*YOUR OBJECTIVE*.
Whenever a picture appears, leave it out while repeating all the other data exactly.
--- DATASET EXTRACT Enclosed Below ---
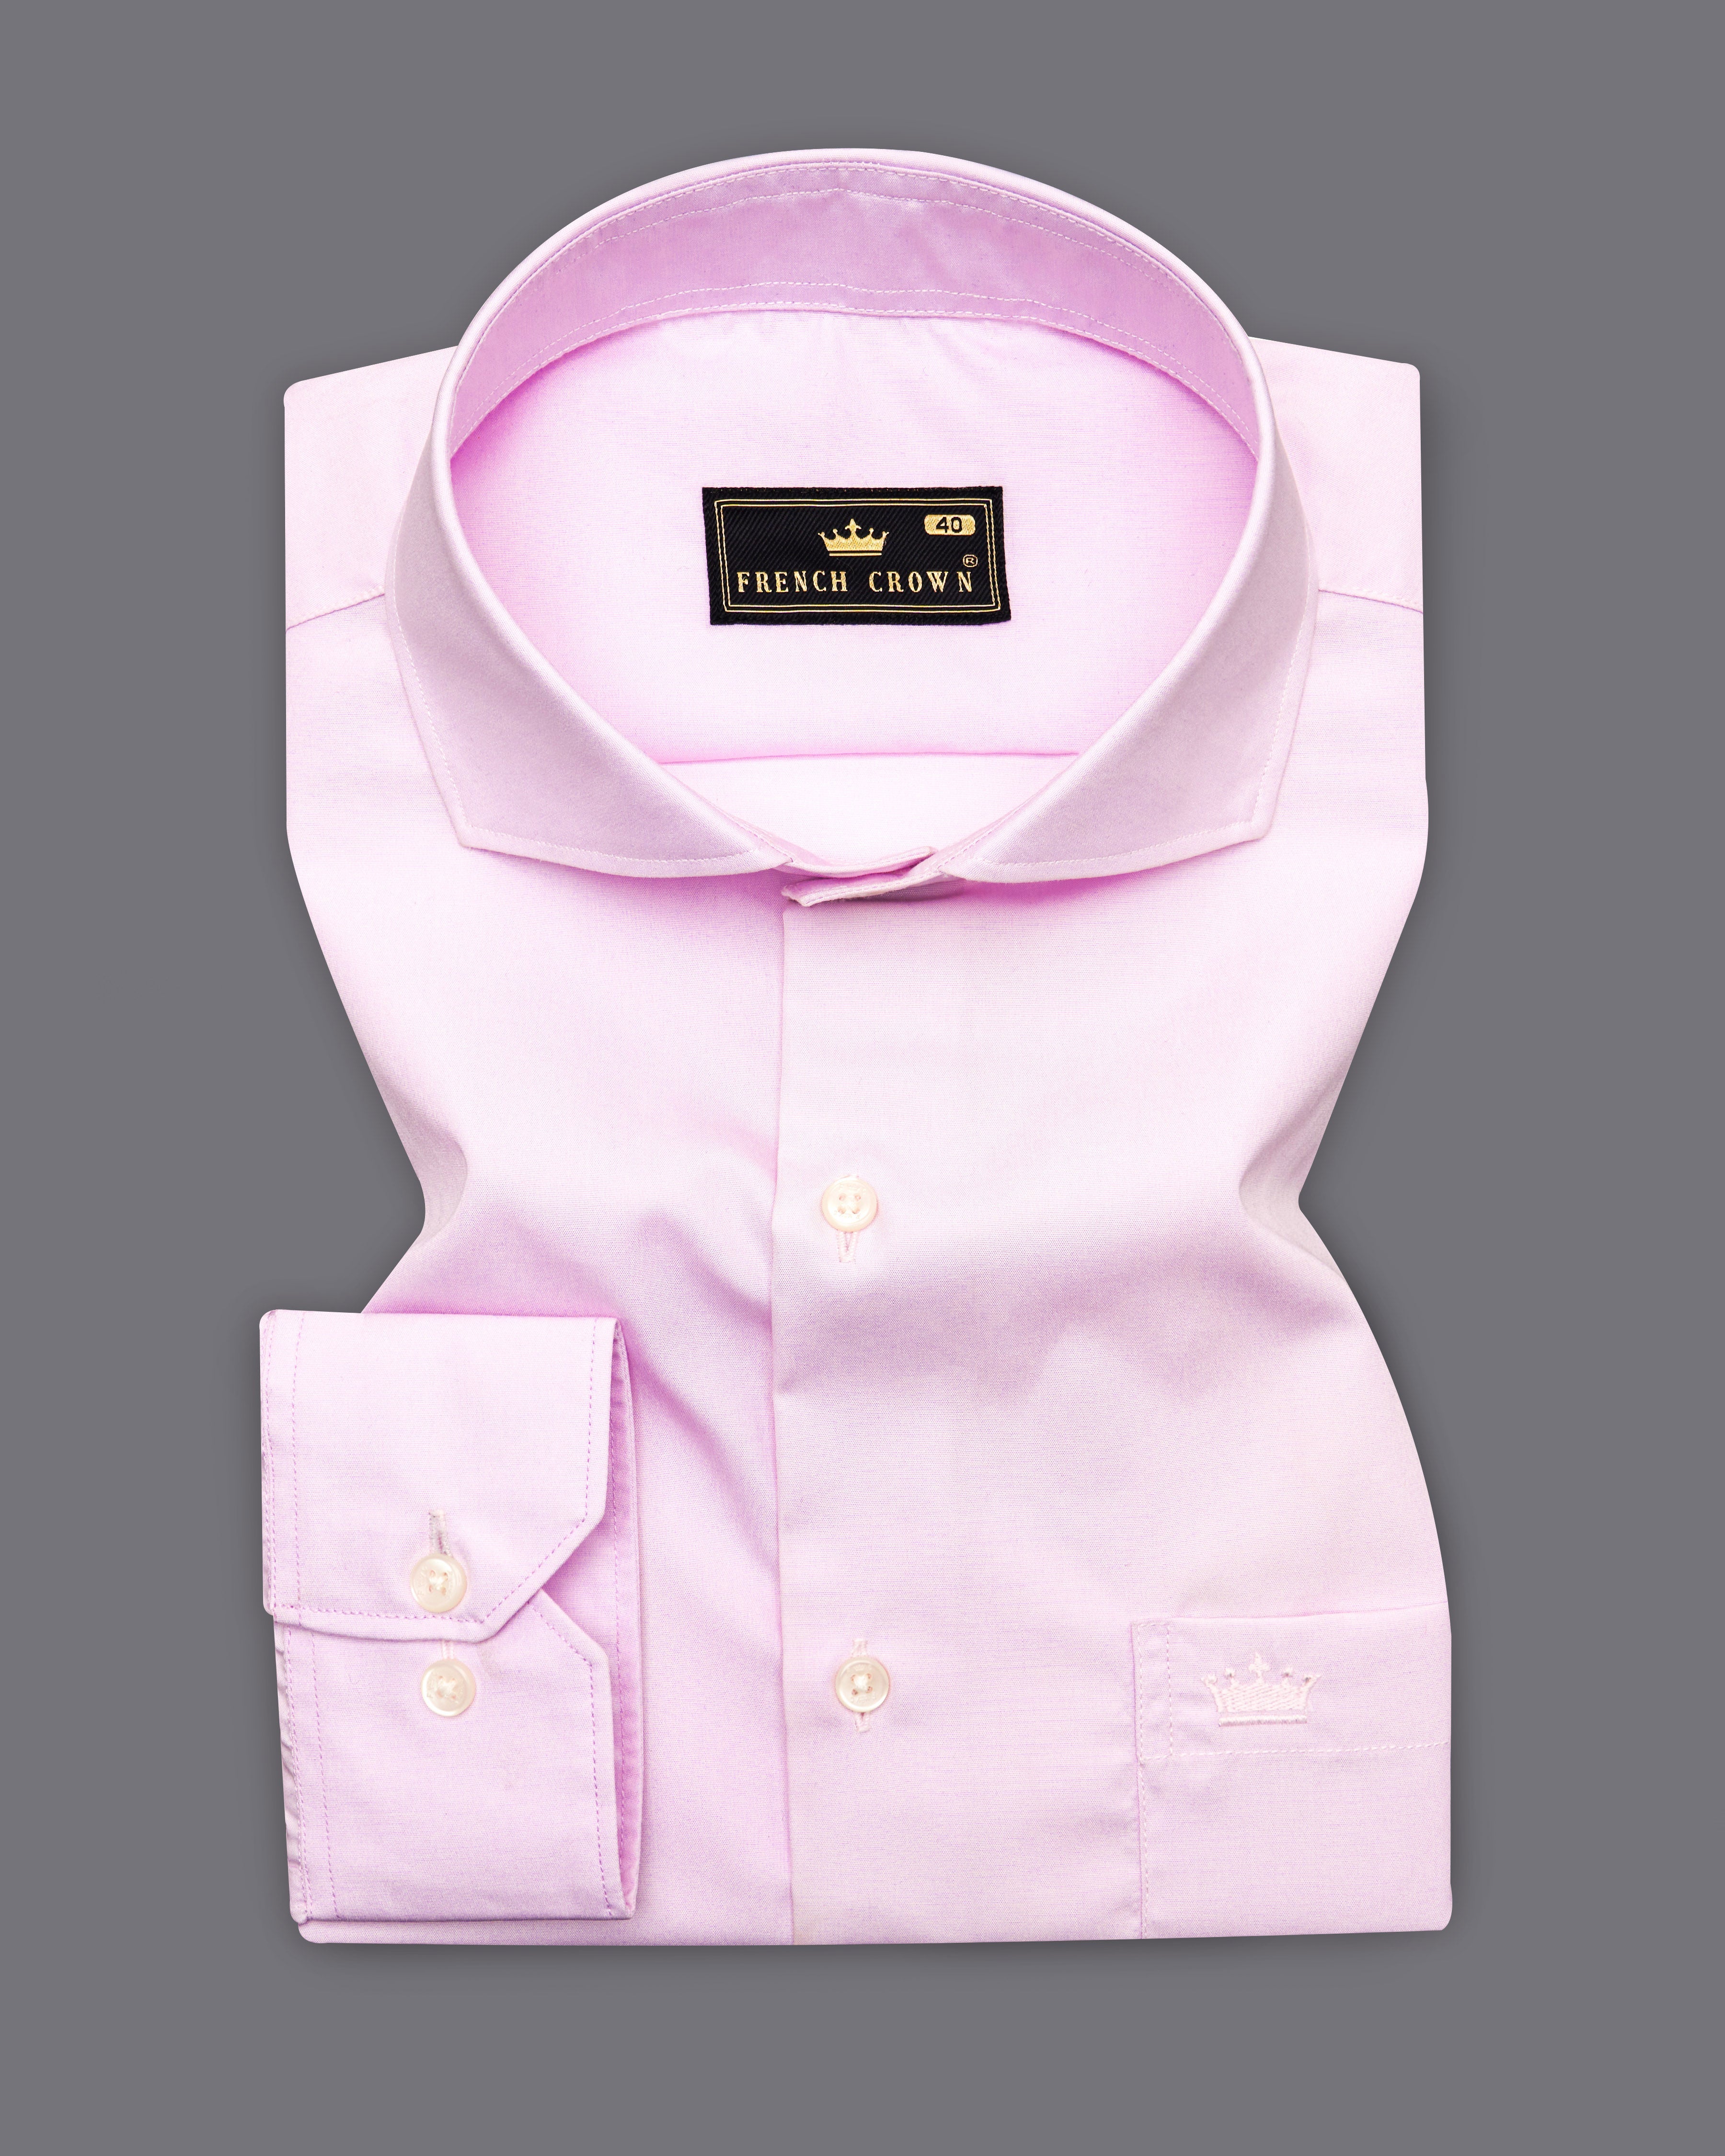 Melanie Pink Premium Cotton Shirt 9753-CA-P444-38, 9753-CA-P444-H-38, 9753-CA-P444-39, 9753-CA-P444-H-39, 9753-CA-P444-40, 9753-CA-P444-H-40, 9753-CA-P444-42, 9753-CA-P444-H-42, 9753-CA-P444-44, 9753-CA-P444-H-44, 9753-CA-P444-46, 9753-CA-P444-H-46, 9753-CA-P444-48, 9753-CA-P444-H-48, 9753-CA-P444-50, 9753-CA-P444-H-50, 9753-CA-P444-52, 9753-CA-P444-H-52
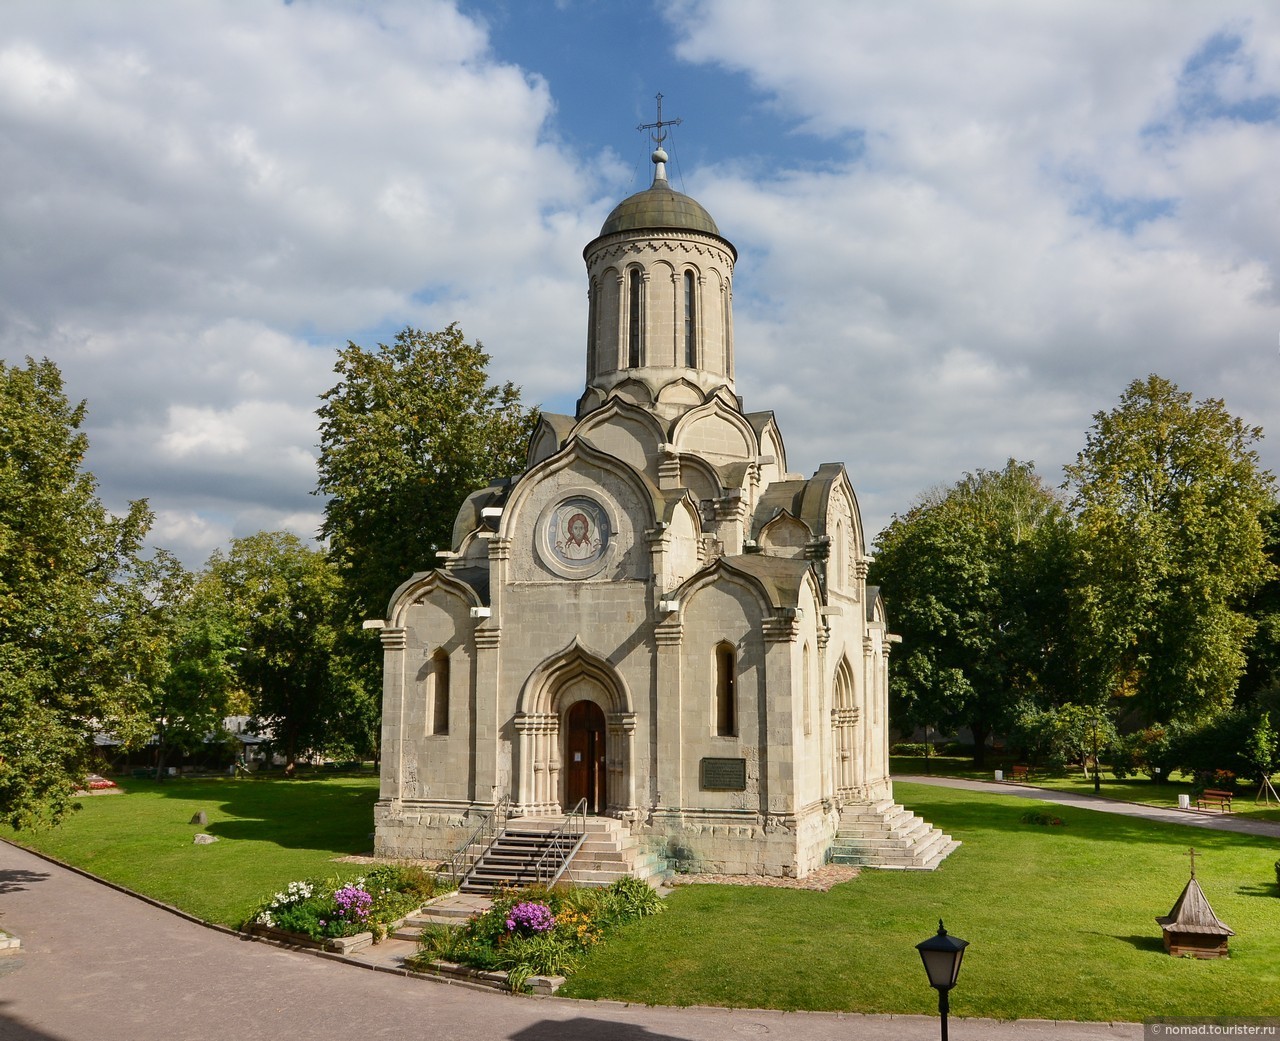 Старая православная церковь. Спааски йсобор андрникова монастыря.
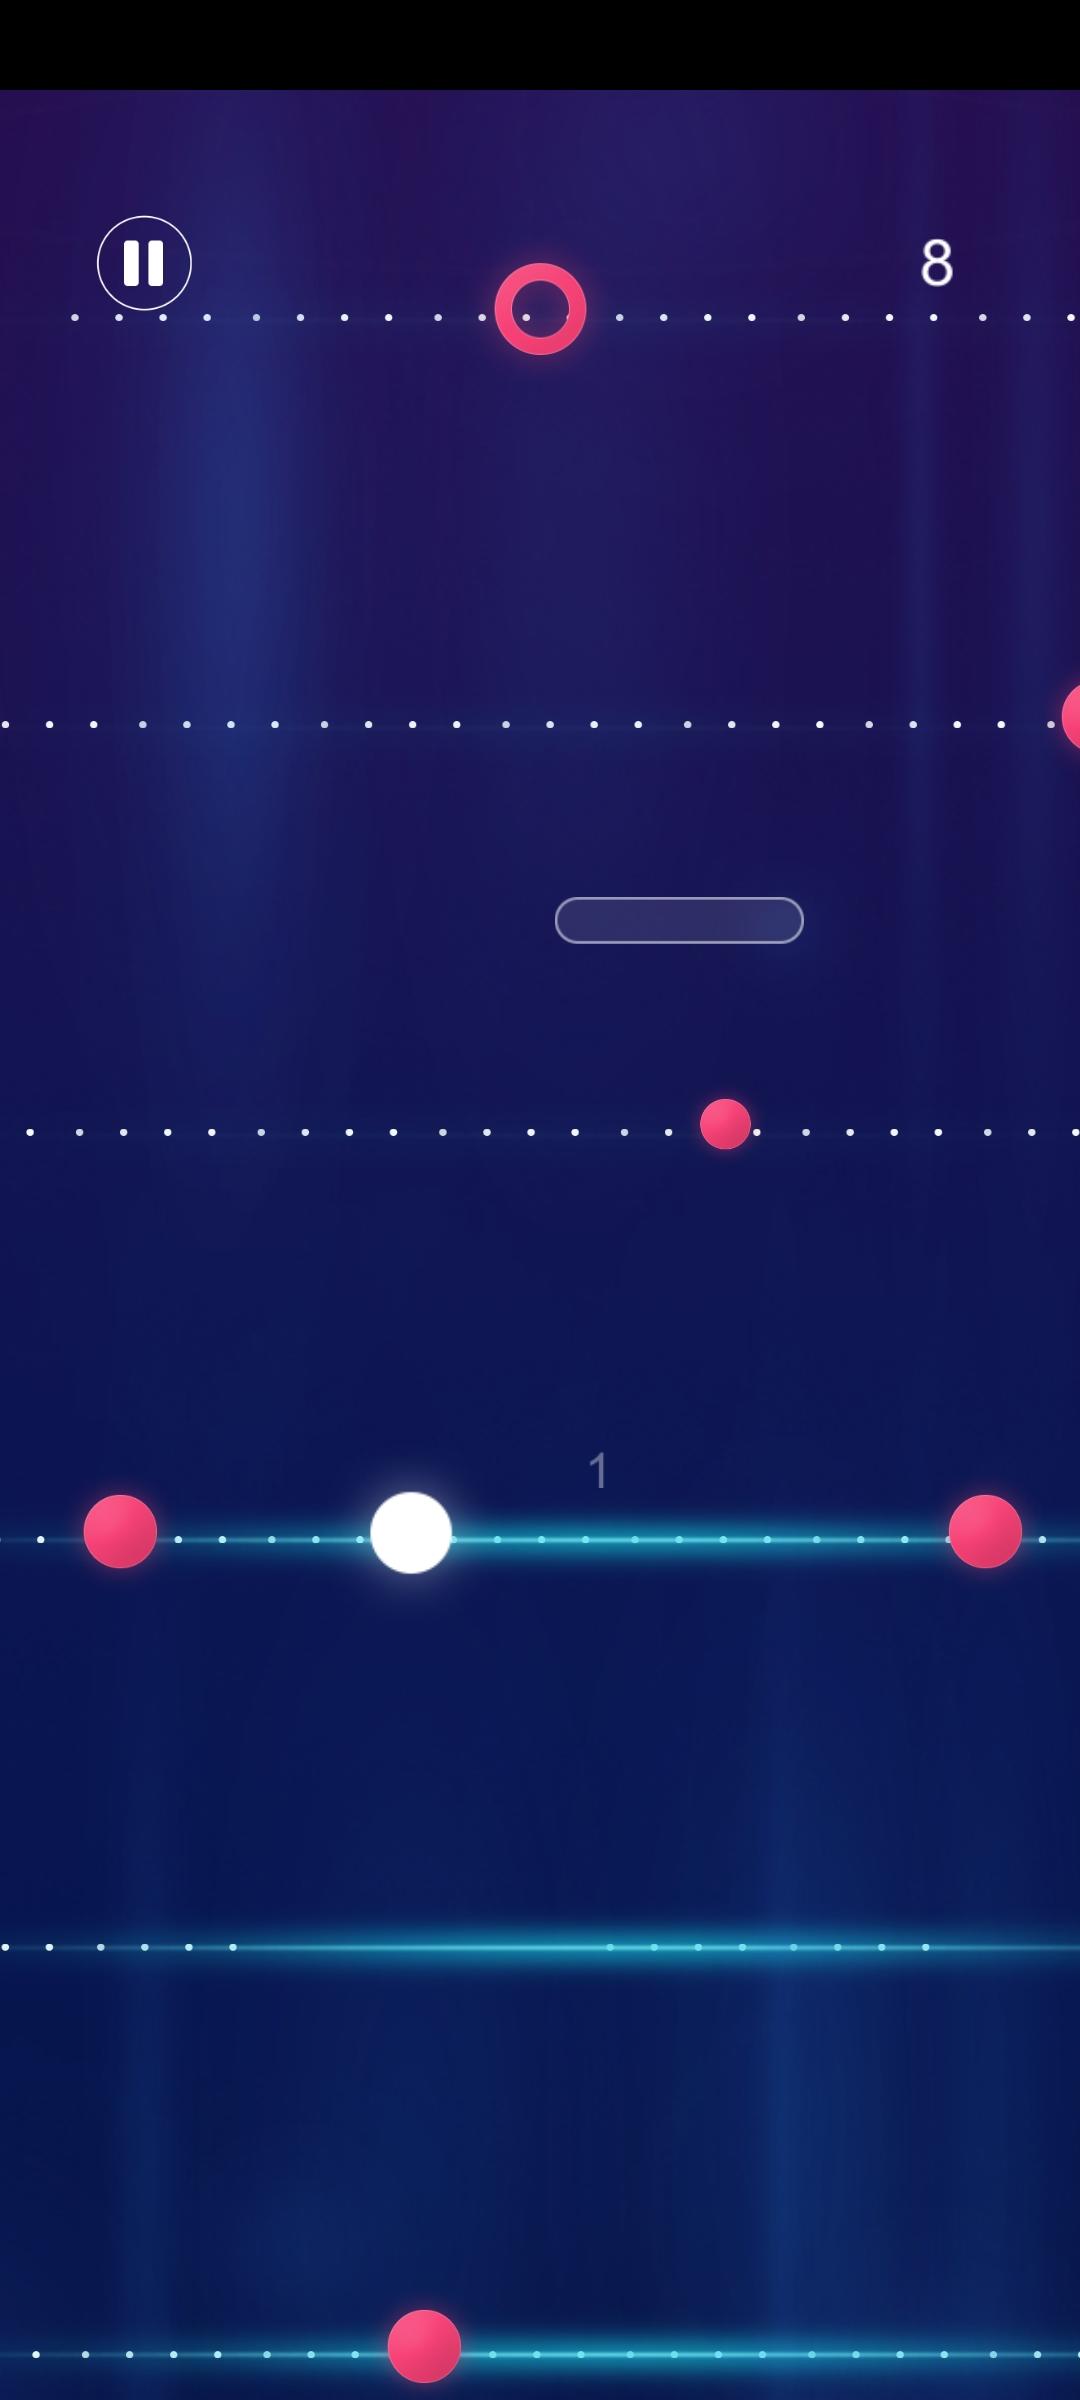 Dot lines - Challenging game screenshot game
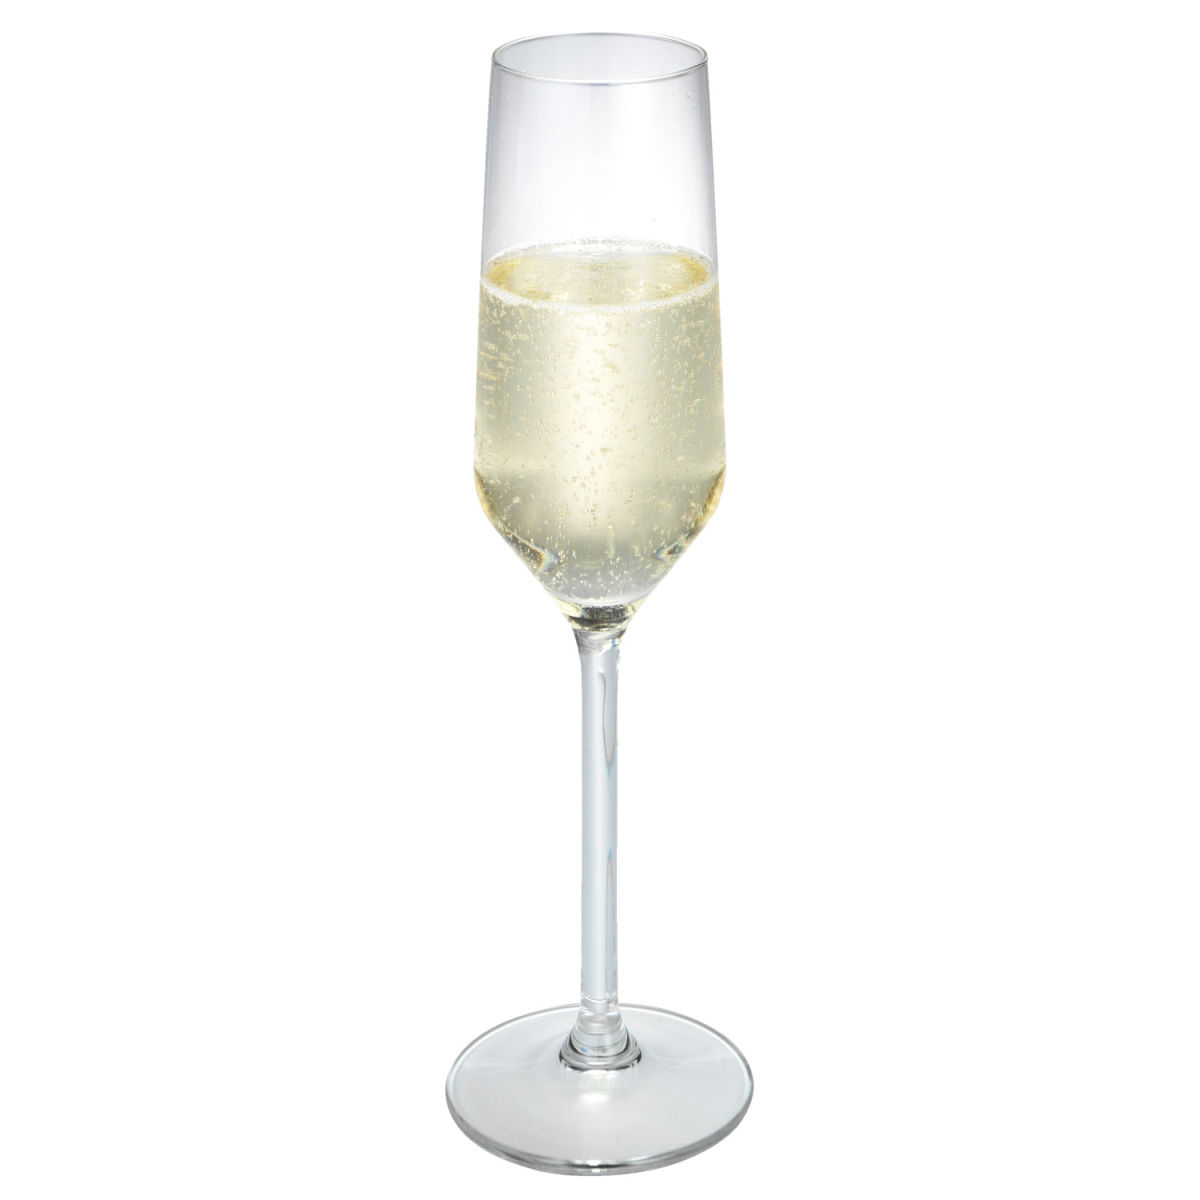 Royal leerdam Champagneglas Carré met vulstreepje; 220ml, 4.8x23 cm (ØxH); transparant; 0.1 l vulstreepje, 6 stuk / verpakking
--- End of Enclosed DATASET EXTRACT ---
*WRITTEN SOLUTION*.
 Melanie Pink Premium Cotton Shirt 9753-CA-P444-38, 9753-CA-P444-H-38, 9753-CA-P444-39, 9753-CA-P444-H-39, 9753-CA-P444-40, 9753-CA-P444-H-40, 9753-CA-P444-42, 9753-CA-P444-H-42, 9753-CA-P444-44, 9753-CA-P444-H-44, 9753-CA-P444-46, 9753-CA-P444-H-46, 9753-CA-P444-48, 9753-CA-P444-H-48, 9753-CA-P444-50, 9753-CA-P444-H-50, 9753-CA-P444-52, 9753-CA-P444-H-52
 Старая православная церковь. Спааски йсобор андрникова монастыря.
 Dot lines - Challenging game screenshot game
 Royal leerdam Champagneglas Carré met vulstreepje; 220ml, 4.8x23 cm (ØxH); transparant; 0.1 l vulstreepje, 6 stuk / verpakking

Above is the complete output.